Is there support for loading a sharded gguf file ?
Is your feature request related to a problem? Please describe. Inquiring whether this project supports loading a "sharded" gguf model file ? The llama cpp project appears to add tooling for splitting gguf files into pieces (more here). Was curious of the this project supports loading gguf files in that format since I didn't see any mention of it in the documentation or issues.
If it is supported, could you point me to the documentation on this or provide a code example ? If not, perhaps this feature could be added ?
@jharonfe I haven't tested it personally but according to the linked discussion it's automatically detected by llama_load_model_from_file which llama-cpp-python uses.
One caveat is that this probably doesn't work with .from_pretrained yet because that method looks for a single file to pull via the huggingface_hub library.
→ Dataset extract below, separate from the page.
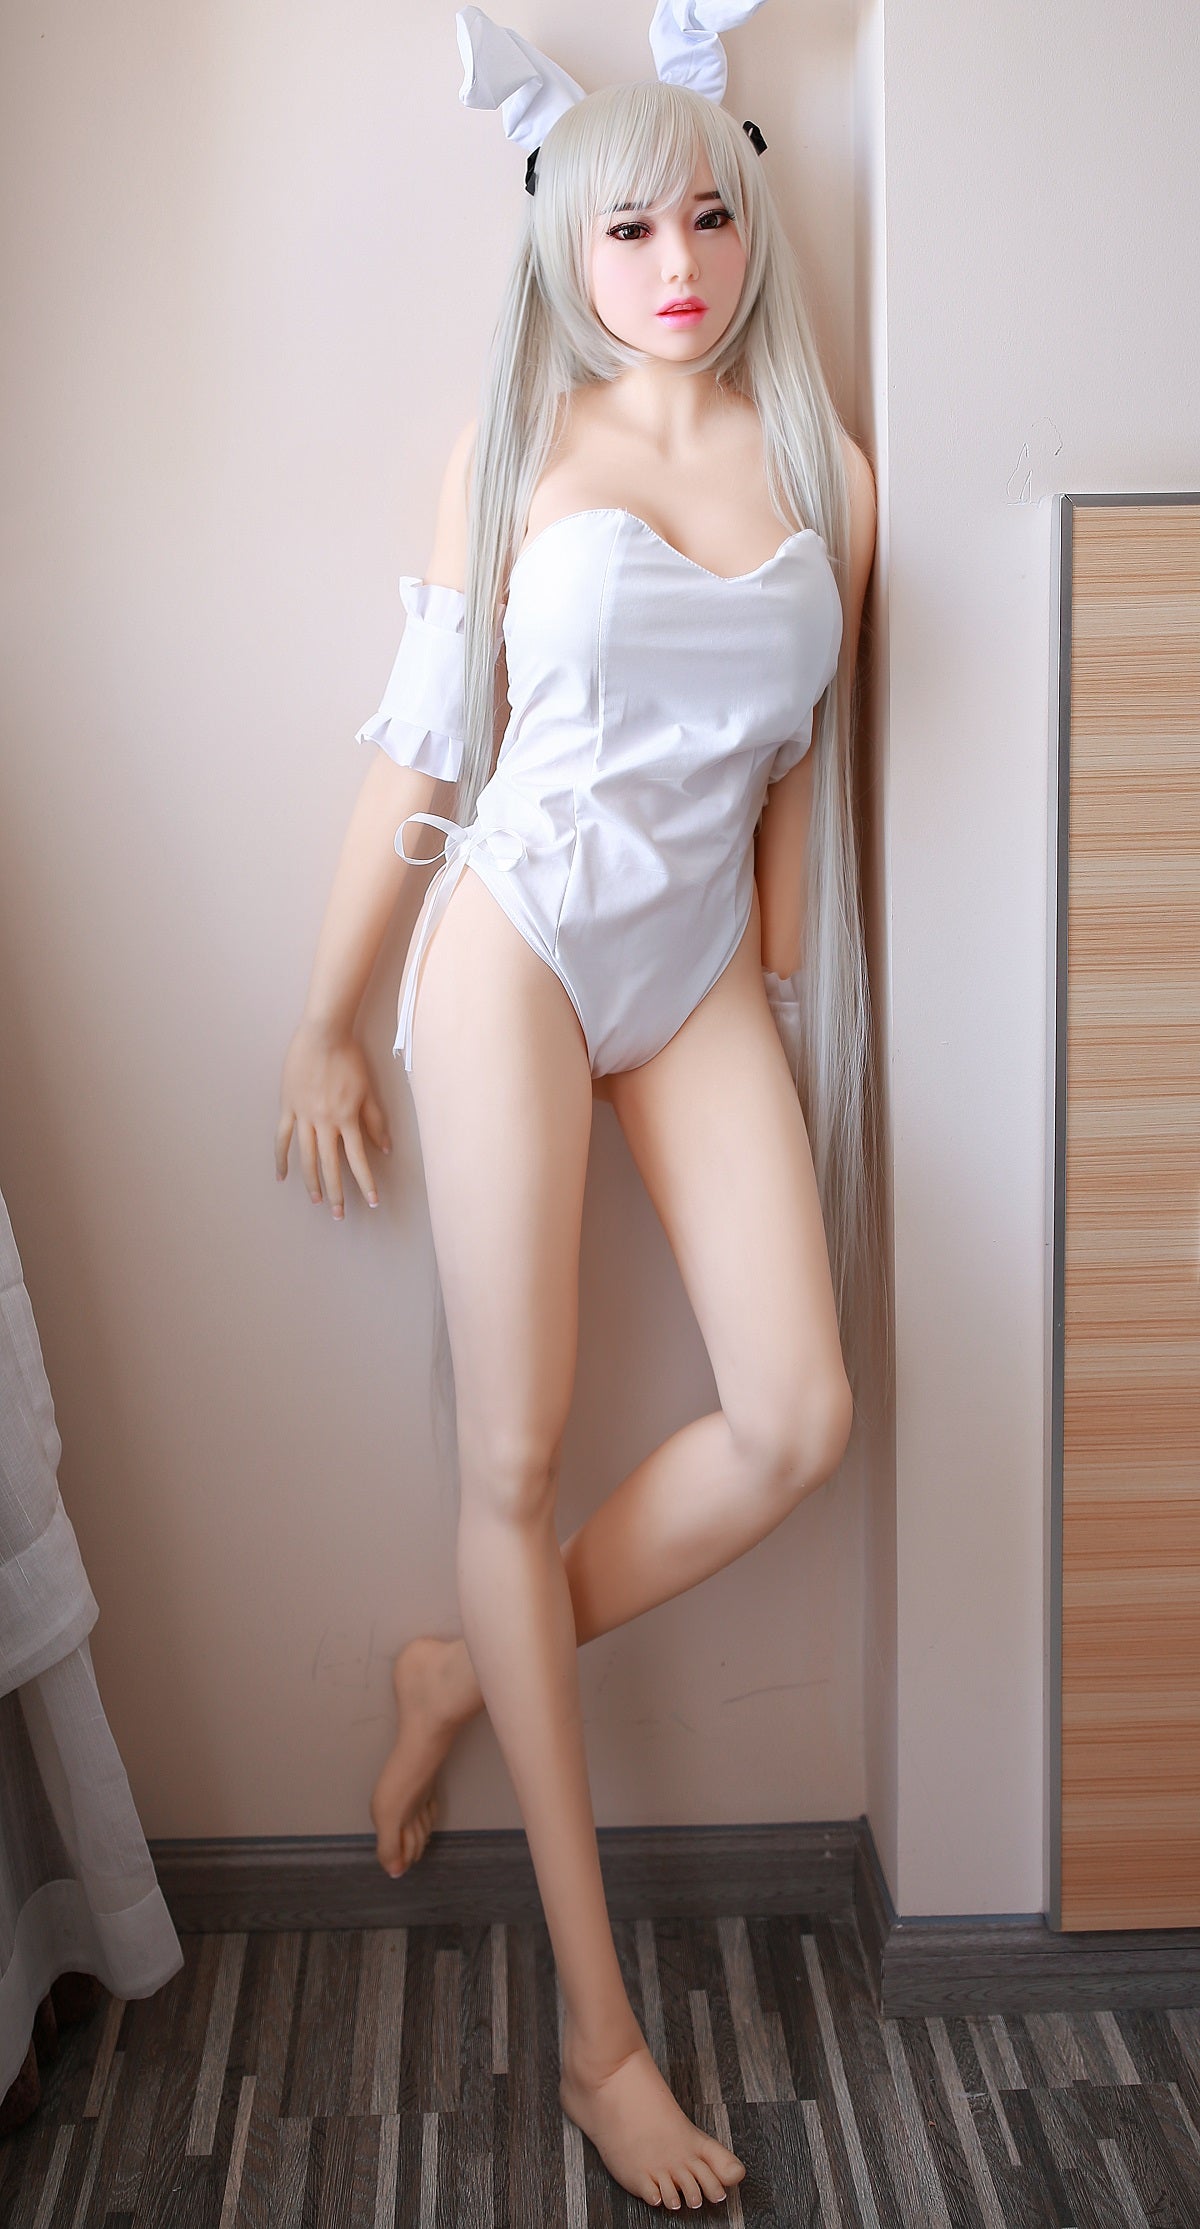 US Stock - Bernice 158cm #33 Big Breasts Super Sexy TPE Love Doll Jelly Breasts Sex Doll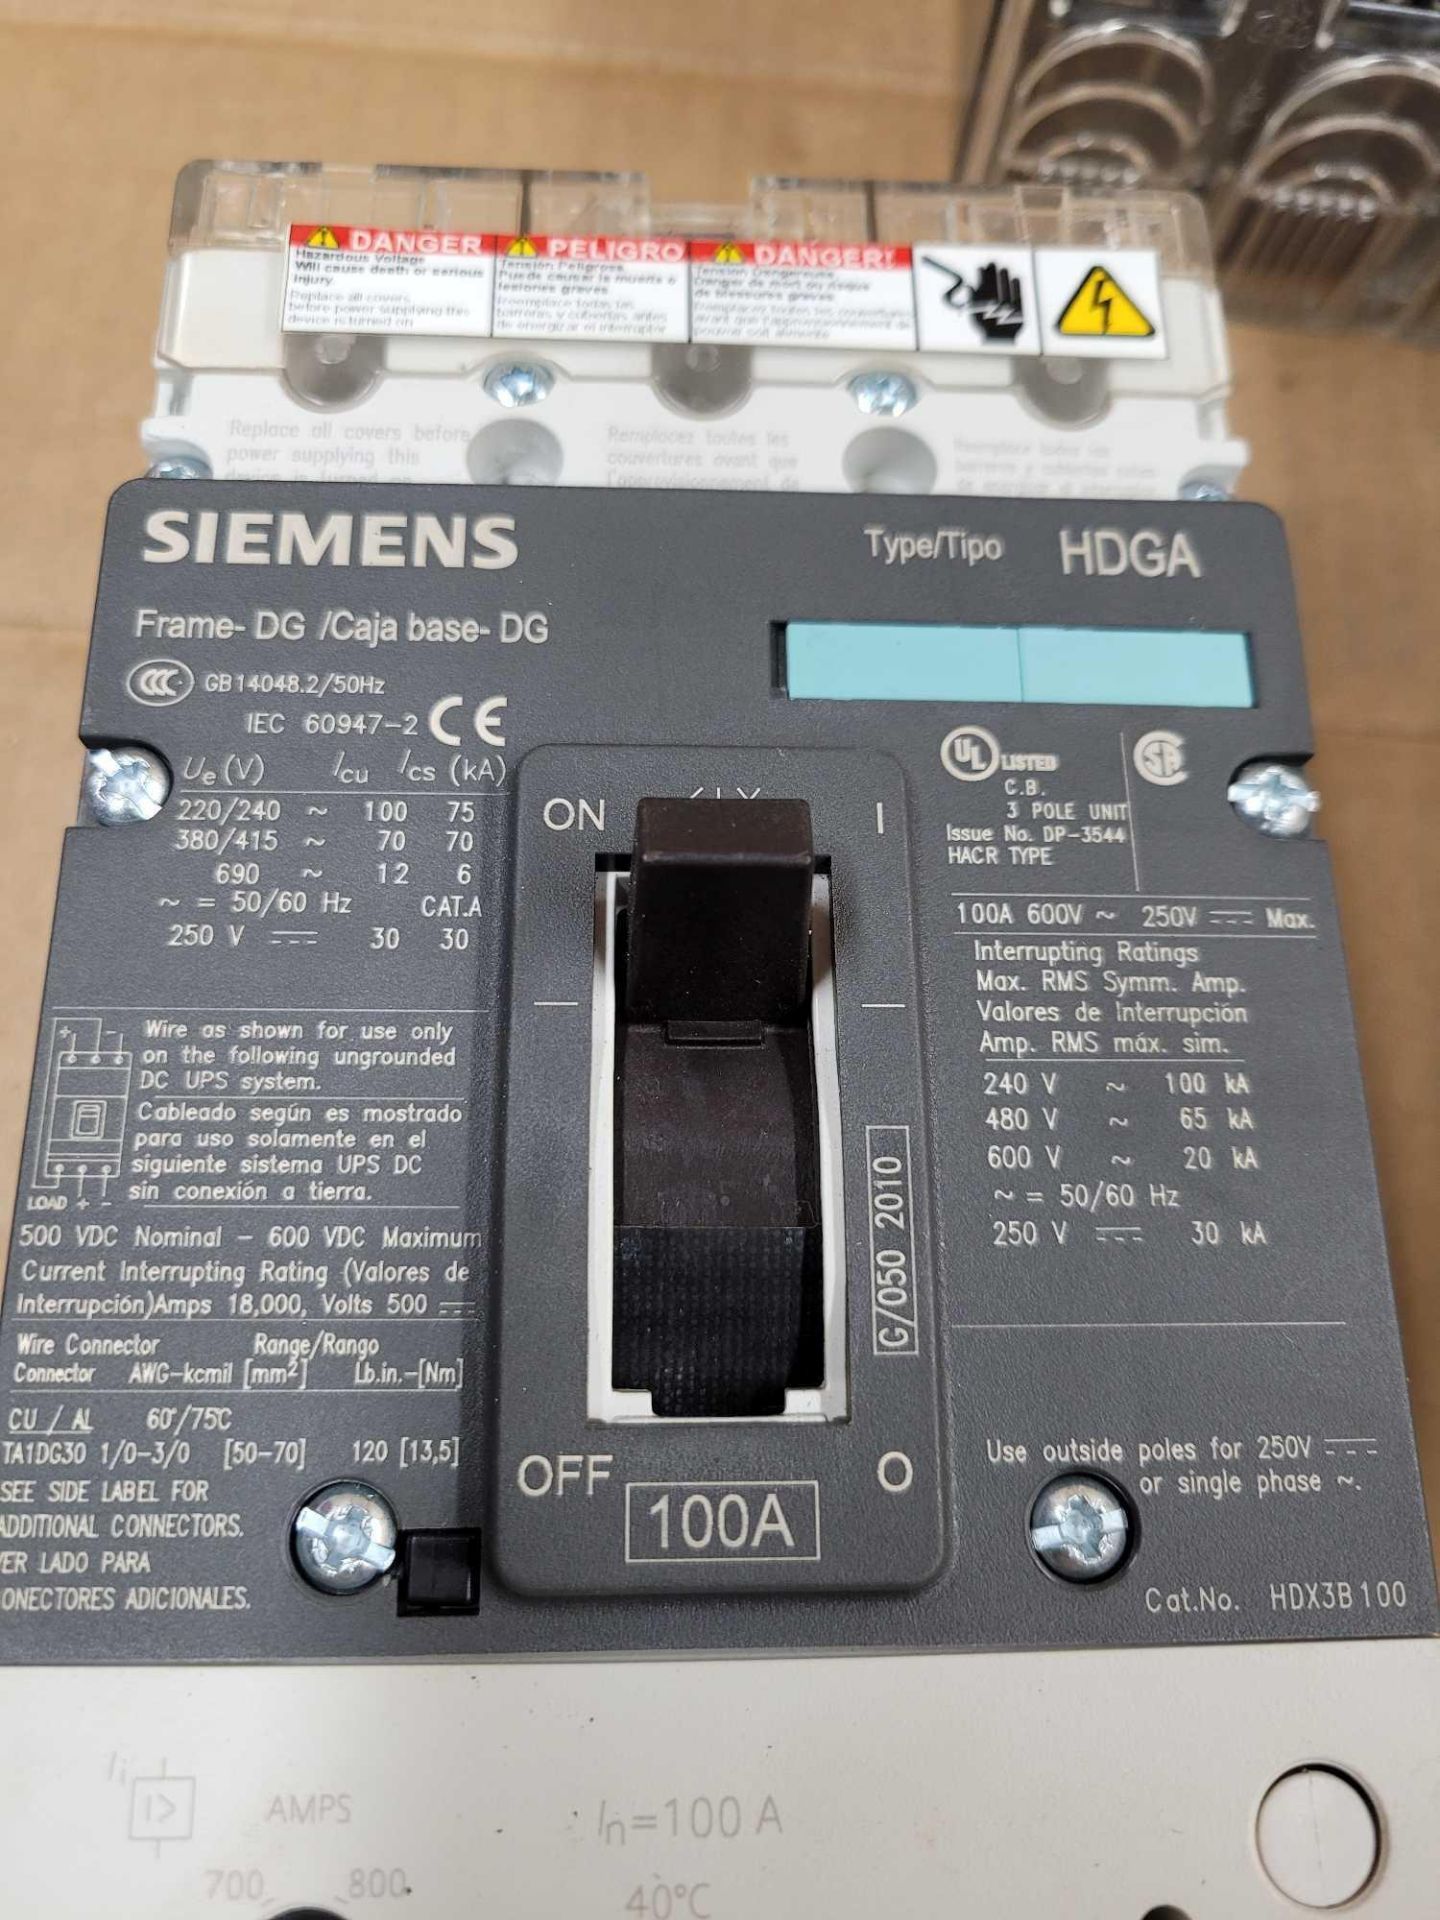 LOT OF 4 SIEMESN HDX3B100 / 100 Amp Circuit Breaker  /  Lot Weight: 19.2 lbs - Image 2 of 7

I think adding an option like additional_files there would be good, I'll look into it.
One thing that would help is a link to a small model that's been split and uploaded, preferrably <7b.
I tested this using the latest version, 0.2.61, and the model appears to load correctly. Thanks for the feedback on this.
I just hit this issue today. I had tried using a wild card to specify all of the files, but then had it complain about seeing multiple files. An option like additional_files would be a nice quality of life change.
Prototype: https://github.com/abetlen/llama-cpp-python/commit/0e67a832bdda3d7e73cbcb162e93d5455503ca57 Will test and open PR if it works.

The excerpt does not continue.